To find a formula for trajectory as follows.

$$\begin{gathered} E_{2+4i}=ker\left[\begin{array}{cc}2-\left(2+4i\right)& 4\\ -4& 2-\left(2-4i\right)\end{array}\right] \\ =ker\left[\begin{array}{cc}-4i& 4\\ -4& -4i\end{array}\right] \\ =span\left(\left[\begin{array}{c}1\\ 0\end{array}\right]+i\left[\begin{array}{c}0\\ 1\end{array}\right]\right) \end{gathered}$$

Therefore, the eigenvectors are as follows.

$$\begin{gathered} \overrightarrow{v}=\left[\begin{array}{c}1\\ 2\end{array}\right] \\ \overrightarrow{w}=\left[\begin{array}{c}0\\ 1\end{array}\right] \end{gathered}$$

Then by the theorem, the general solution for the system $\frac{d\overrightarrow{x}}{dt}=\left[\begin{array}{cc}2& 4\\ -4& 2\end{array}\right]\overrightarrow{x}$is as follows.
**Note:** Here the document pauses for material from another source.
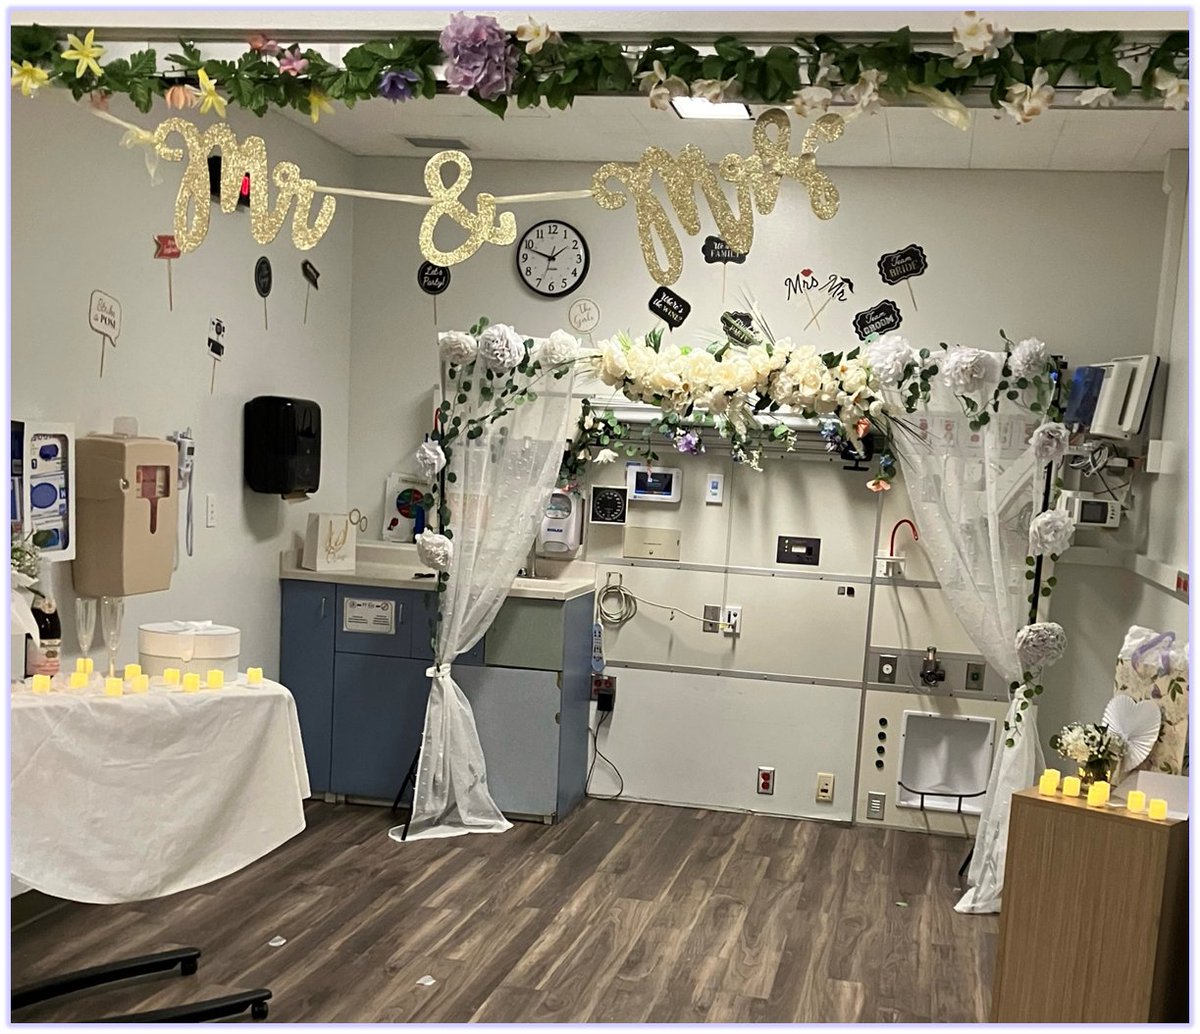 With metastatic cancer, the patient's time was unfortunately running out. Social work, nursing, doctors came together to make his final wish of marrying the love of his life come true. @3wishesproject_ #ICUwedding

$\overrightarrow{x}\left(t\right)=e^{pt}S\left[\begin{array}{cc}cos\left(qt\right)& -sin\left(qt\right)\\ sin\left(qt\right)& cos\left(qt\right)\end{array}\right]S^{-1}{\overrightarrow{x}}_0$where $S=\left[\overrightarrow{w} \overrightarrow{v}\right]$

Similarly, the values of p,q and S are as follows.

$$\begin{gathered} p=2 \\ q=4 \\ S=\left[\begin{array}{cc}0& 1\\ 1& 0\end{array}\right] \end{gathered}$$

Substitute the value 2 for p and 4 for q and $\left[\begin{array}{cc}0& 1\\ 1& 0\end{array}\right]forSin$

$\overrightarrow{x}\left(t\right)=e^{pt}S\left[\begin{array}{cc}cos\left(qt\right)& -sin\left(qt\right)\\ sin\left(qt\right)& cos\left(qt\right)\end{array}\right]S^{-1}{\overrightarrow{x}}_0$as follows.

$$\begin{gathered} \overrightarrow{x}\left(t\right)=e^{pt}S\left[\begin{array}{cc}cos\left(qt\right)& -sin\left(qt\right)\\ sin\left(qt\right)& cos\left(qt\right)\end{array}\right]S^{-1}{\overrightarrow{x}}_0 \\ \overrightarrow{x}\left(t\right)=e^{2t}\left[\begin{array}{cc}0& 1\\ 1& 0\end{array}\right]\left[\begin{array}{cc}cos\left(4t\right)& -sin\left(4t\right)\\ sin\left(4t\right)& cos\left(4t\right)\end{array}\right]\left[\begin{array}{c}x\\ y\end{array}\right] \\ \overrightarrow{x}\left(t\right)=e^{2t}\left[\begin{array}{cc}0\left(cos\left(4t\right)\right)+1\left(sin\left(4t\right)\right)& 0\left(-sin\left(4t\right)\right)+1\left(cos\left(4t\right)\right)\\ 1\left(cos\left(4t\right)\right)+0\left(sin\left(4t\right)\right)& 1\left(-sin\left(4t\right)\right)+0\left(cos\left(4t\right)\right)\end{array}\right] \\ \overrightarrow{x}\left(t\right)=e^{2t}\left[\begin{array}{cc}sin\left(4t\right)& cos\left(4t\right)\\ cos\left(4t\right)& -sin\left(4t\right)\end{array}\right]\left[\begin{array}{c}x\\ y\end{array}\right] \end{gathered}$$

Hence, the solution for the system$\frac{\mathrm{d}\overrightarrow{\mathrm{x}}}{\mathrm{dt}}=\left[\begin{array}{cc}2& 4\\ -4& 2\end{array}\right]\overrightarrow{\mathrm{x}}$ is $\overrightarrow{x}\left(t\right)=e^{2t}\left[\begin{array}{cc}sin\left(4t\right)& cos\left(4t\right)\\ cos\left(4t\right)& -sin\left(4t\right)\end{array}\right]\left[\begin{array}{c}x\\ y\end{array}\right]$, where x and y are arbitrary constants.